Here are some of Richards words;
“My father Raymond is a chronic alcoholic.
He doesn’t like going outside, my mother Elizabeth hardly drinks,
but she does smoke a lot.
She likes pets and things that are decorative.
They married in 1970 and I was born soon after.
My younger brother Jason was taken into care when he was 11,
but now he is back with Ray and Liz again.
Recently he became a father.
Dad was some kind of mechanic, but he’s always been an
alcoholic. It has just got worse over the years.
He gets drunk on cheap cider at the off license.
He drinks a lot at nights now and gets up late.
Originally, our family lived in a terraced house,
but they blew all the redundancy money and, in desperation,
sold the house. Then we moved to the council tower block,
where Ray just sits in and drinks.
That’s the thing about my dad, there’s no subject he’s interested
in, except drink.”
Some photographs from ‘Ray’s a Laugh’ collection:
I really like this collection of photographs because I think that it shows a true representation of his family, and his home life. Its really interesting to read about Richards family, and how he focuses on the point of his father being an alcoholic, and his mother being an over weight animal lover. I also like the way that he has taken the photo’s, they don’t look overly staged and they aren’t perfect in that some of the photographs are over exposed due to flash lighting. Each of the photographs tell’s the audience something about his parents. For example the photograph on the top left, showing his parents sitting on the coach eating their dinner whilst watching the television. This looks like something they do everyday, as a family ritual.
Standard and Ethics in Documentary
Within photojournalism there is a code which consists of ethics and standards that the journalists are expected to respect and follow. This code had been broken by a photojournalist who had entered a piece of work into the ‘World Press Photo Contest’. Giovanni Troilo had entered a photograph and had misrepresented the location of the photo this caused an uproar with the photojournalist community as he categorised his photo as ‘reportage’. This then lead to another issue as he used a flash lighting with a remote control flash.

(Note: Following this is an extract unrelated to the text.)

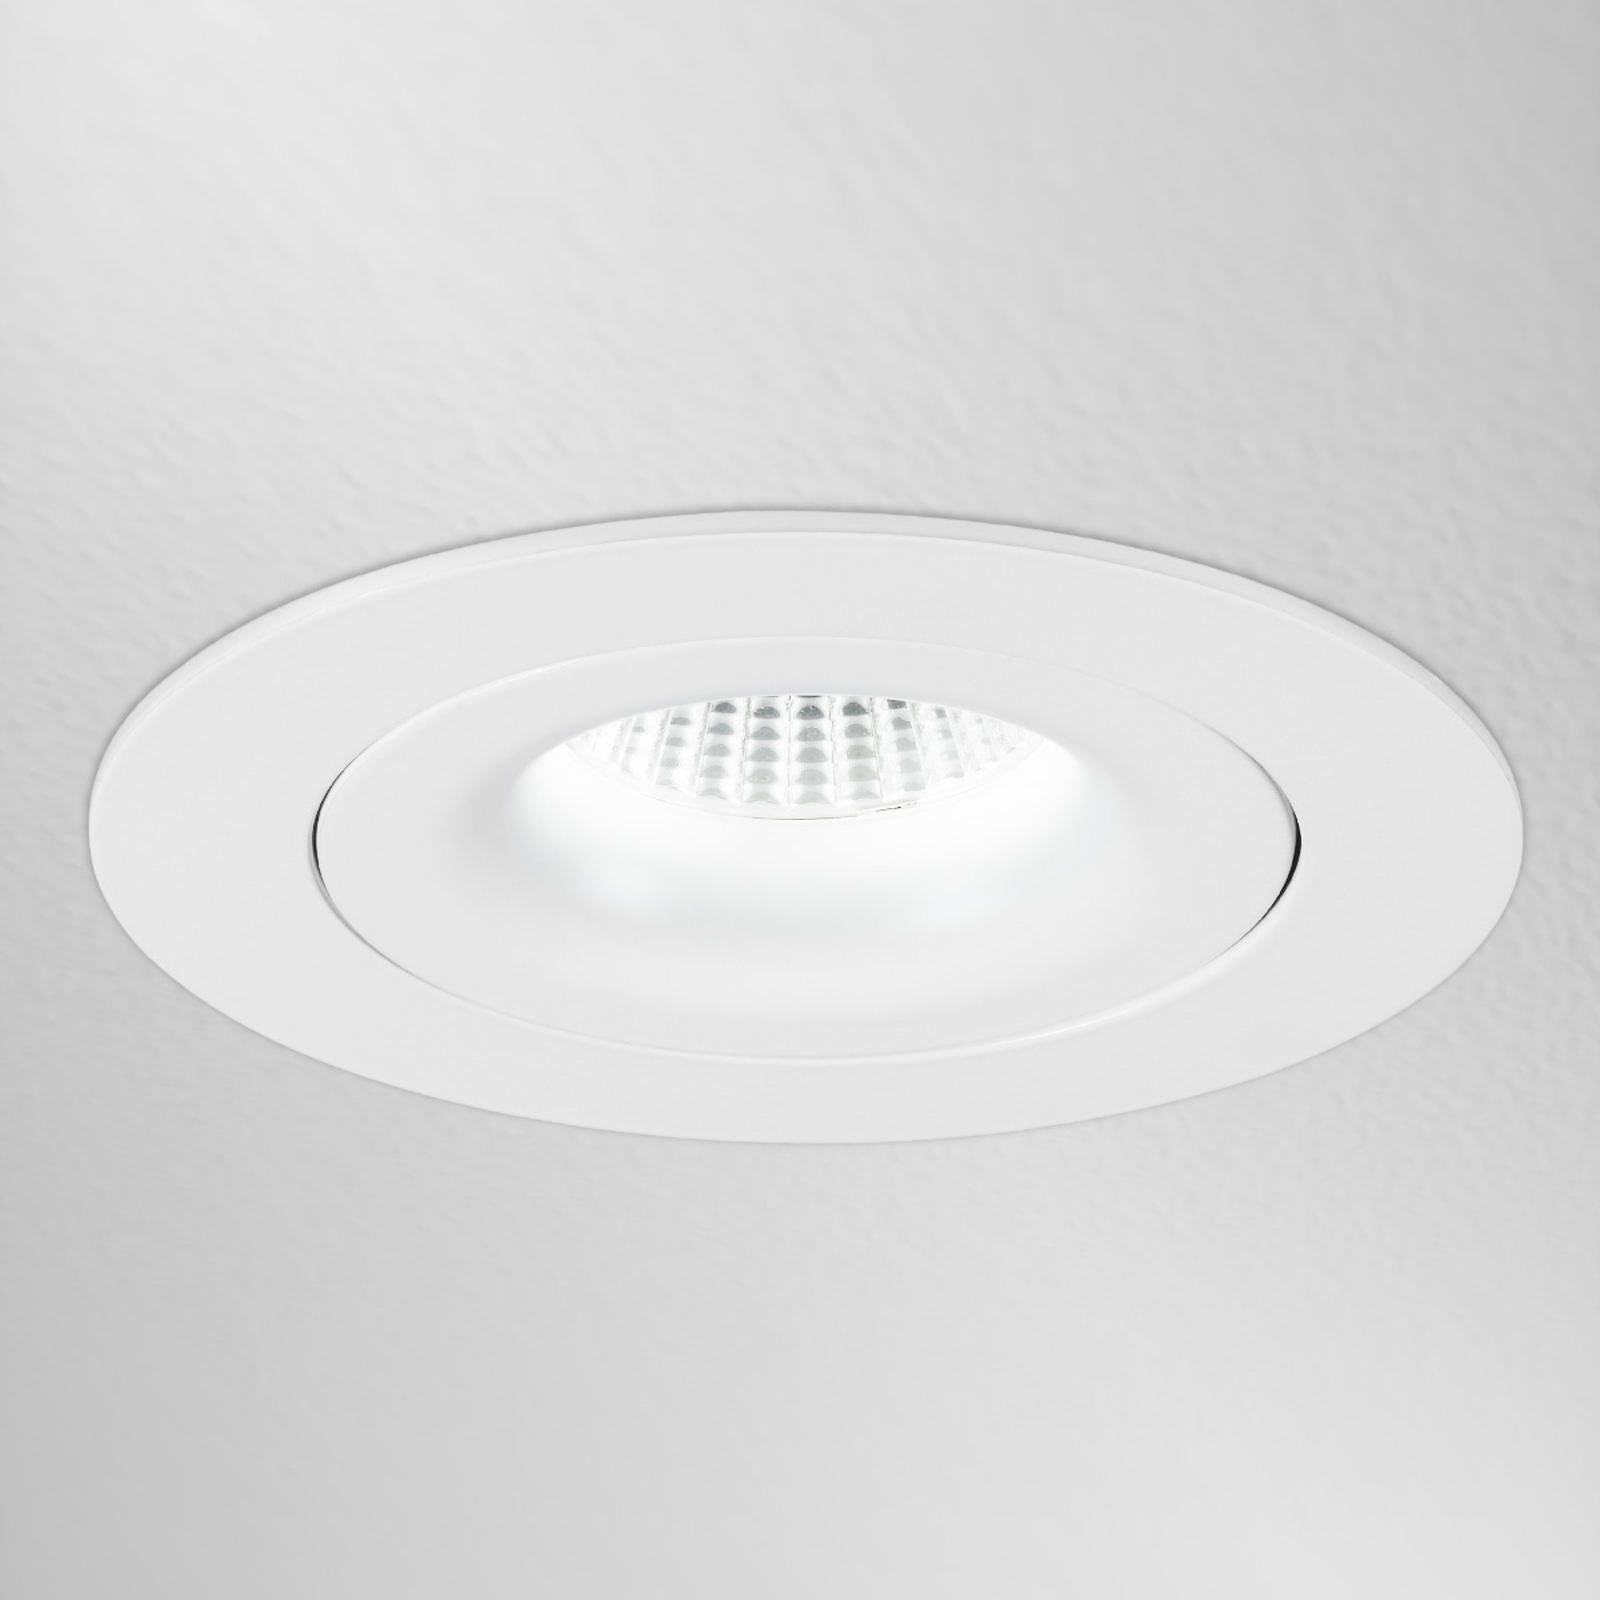 Round MK 110 LED recessed light_3023091_1

Who sets the boundaries of what defines photojournalism?
After this issue had occurred, it lead to a big panel meeting where they decided to re write the code of ethics in photojournalism. The festival director, Jean-François Leroy said he defined photojournalism as “witnessing the world.” Photograph’s today are easily manipulated and staged with the use of technology. However once a photograph has been manipulated it becomes art photography, not photojournalism.
Can photography change the world?
The debate of ‘Can photography change the world‘ is often discussed between different photographers. As some people believe that a photograph is able to change someones feelings and views on a subject. It is also thought that a visual image stays with someone for longer, rather than reading a paragraph about the subject. An example of this is the photograph of a pair of damaged lungs on a cigarette box. However some people believe that photography is unable to change the world, as a photograph is only there to provide information and to give the audience an insight into a subject.
This photograph could be seen, and make people understand the poverty in different countries and inspire them to participate in some charity events or donate money. Or it could be seen as an informative photograph, that is educating the viewer about the poverty and the amount of people in the world without access to clean water.
When technology makes it so easy to manipulate images, how much manipulation is acceptable?
In the NPPA code of ethics it is said that photojournalists should resist being manipulated by staged photographers as it is not reporting the exact truth. Therefore the photograph becomes art photography rather than photojournalism. There have been various occasions when a photojournalist is reporting about a subject and supplies a photograph about the subject, yet the photograph has been staged.
With viewers more sophisticated and skeptical than ever before, how can photojournalists preserve their integrity and maintain trust?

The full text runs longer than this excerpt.